When I use Outlook direct Internet email to the smart host (instead of
through the Exchange Server) the email goes out perfectly normally.

Therefore - there is nothing wrong with the ISP's smart host, the problem is
in Exchange in that it will not use the smart host - I say WILL not, and not
CANNOT - this server has a mind of its own and is pig-minded enough that
several SHOULD-work solutions refuse to work.

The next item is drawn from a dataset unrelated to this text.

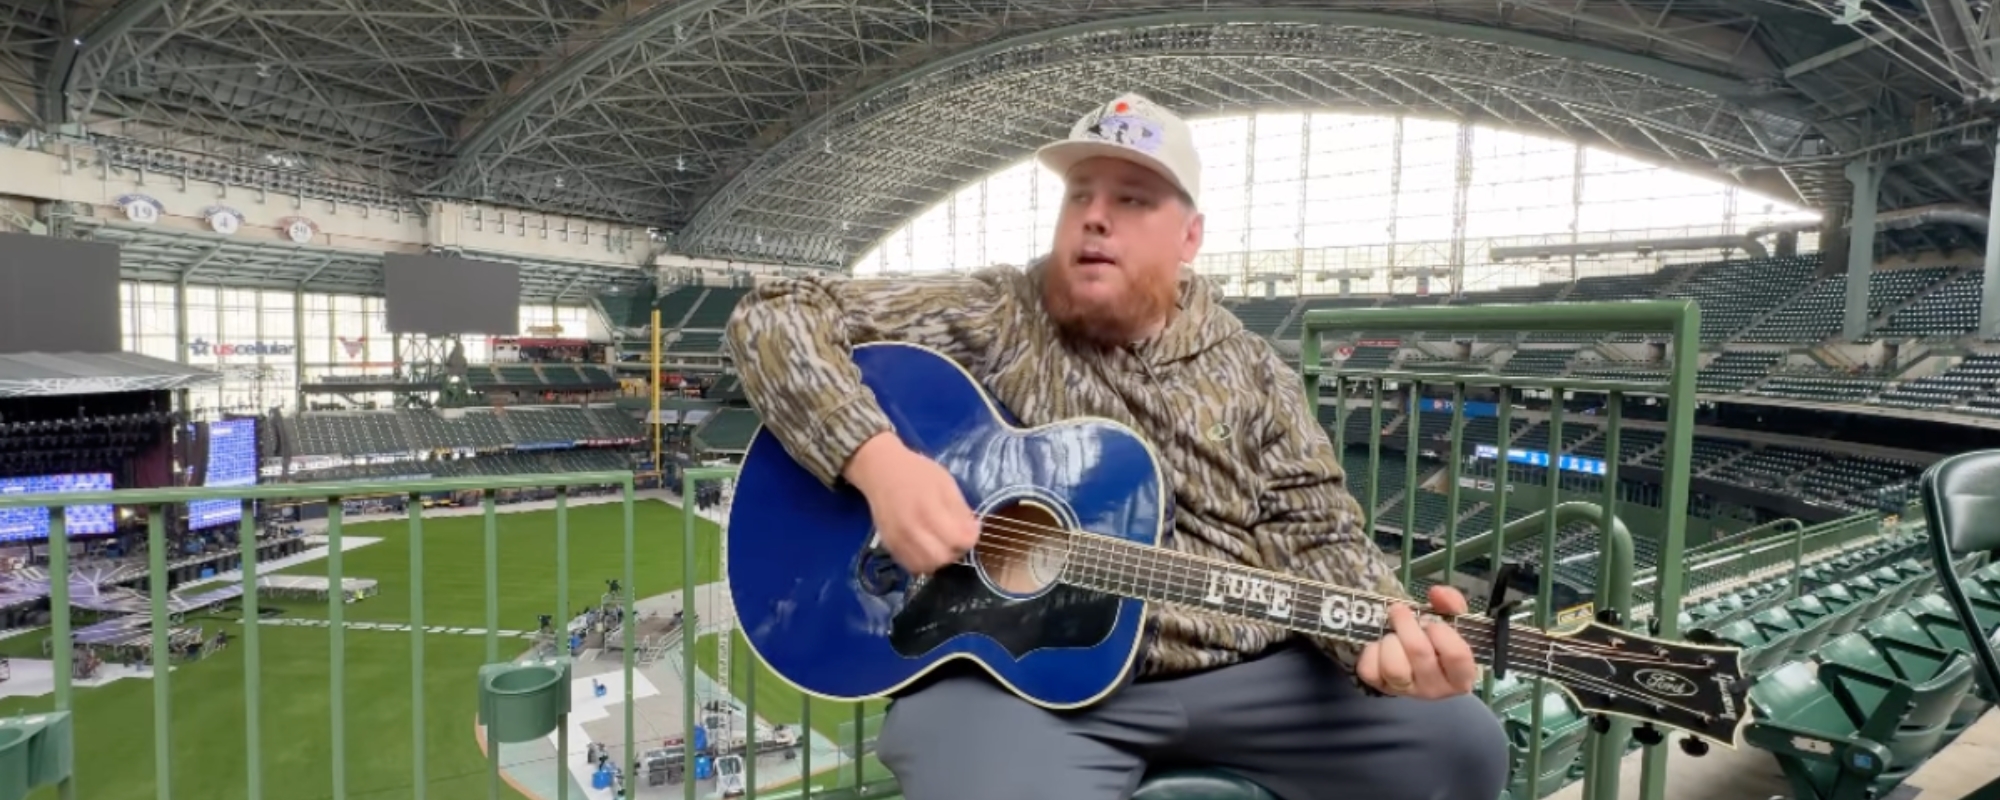 Luke Combs Brings All the Feels in New Song “Take Me Out to the Ballgame”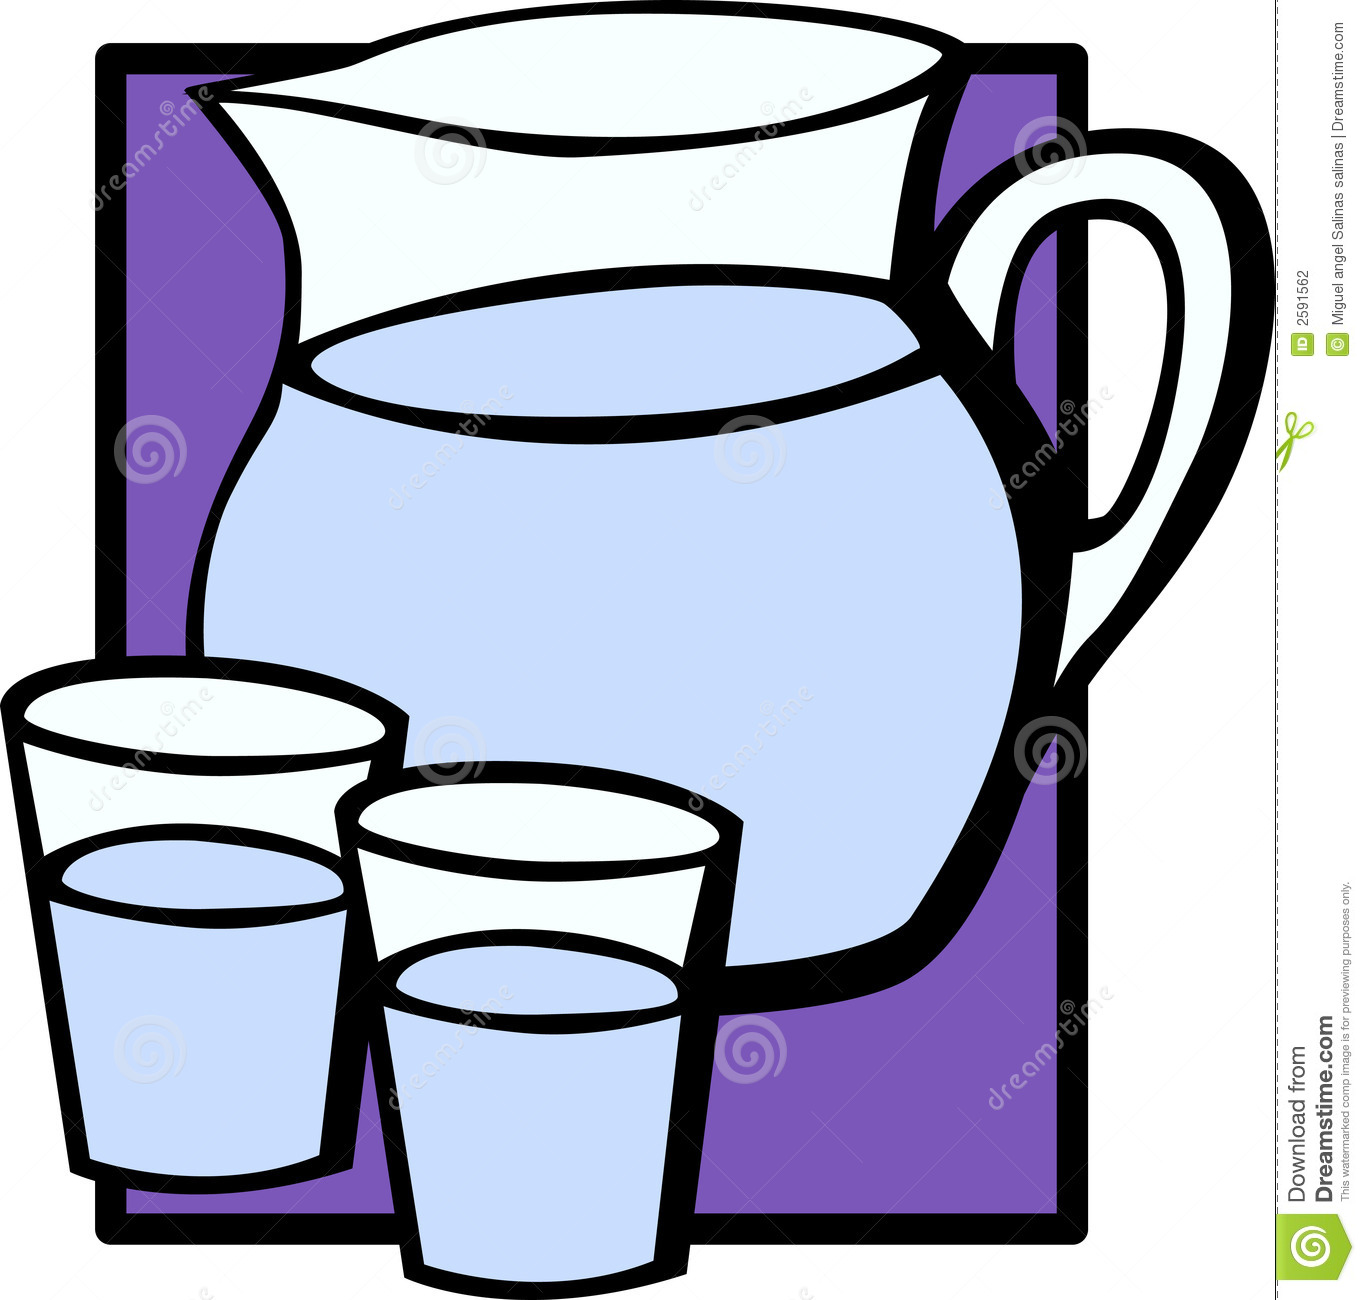 Pitcher Of Water Clipart   Clipart Panda   Free Clipart Images

When Exchange is set to send SMTP via DNS, then all email to non-SenderID
domains are sent immediately and perfectly every time. BUT .... all email to
SenderID using domains are rejected with an error message pointing to
www.SpamHaus.org and http://postmaster.live.com (essentially telling me that
my current dynamic IP has been block listed for previous spam related
offences).

As for ISPs expecting Exchange Server to work with dynamically allocated IP
addresses - it used to, and did so for manyyears, it even includes a function
for connecting via periodic dial-up using a MODEM (remember them? we still
have one hooked up for use with the shared fax service within SBS) and it is
an exceptional dial-up connection that provides for a static IP (I believe
only Demon Internet in the UK allocates them and for SBS 4.0 installations
only).

Ergo, I maintain - I am running perfectly functional software that has been
blocked from being functional by the introduction of this SenderID program.
I need a fix for SMTP and either DNS or smart-host - not smart-hass comments.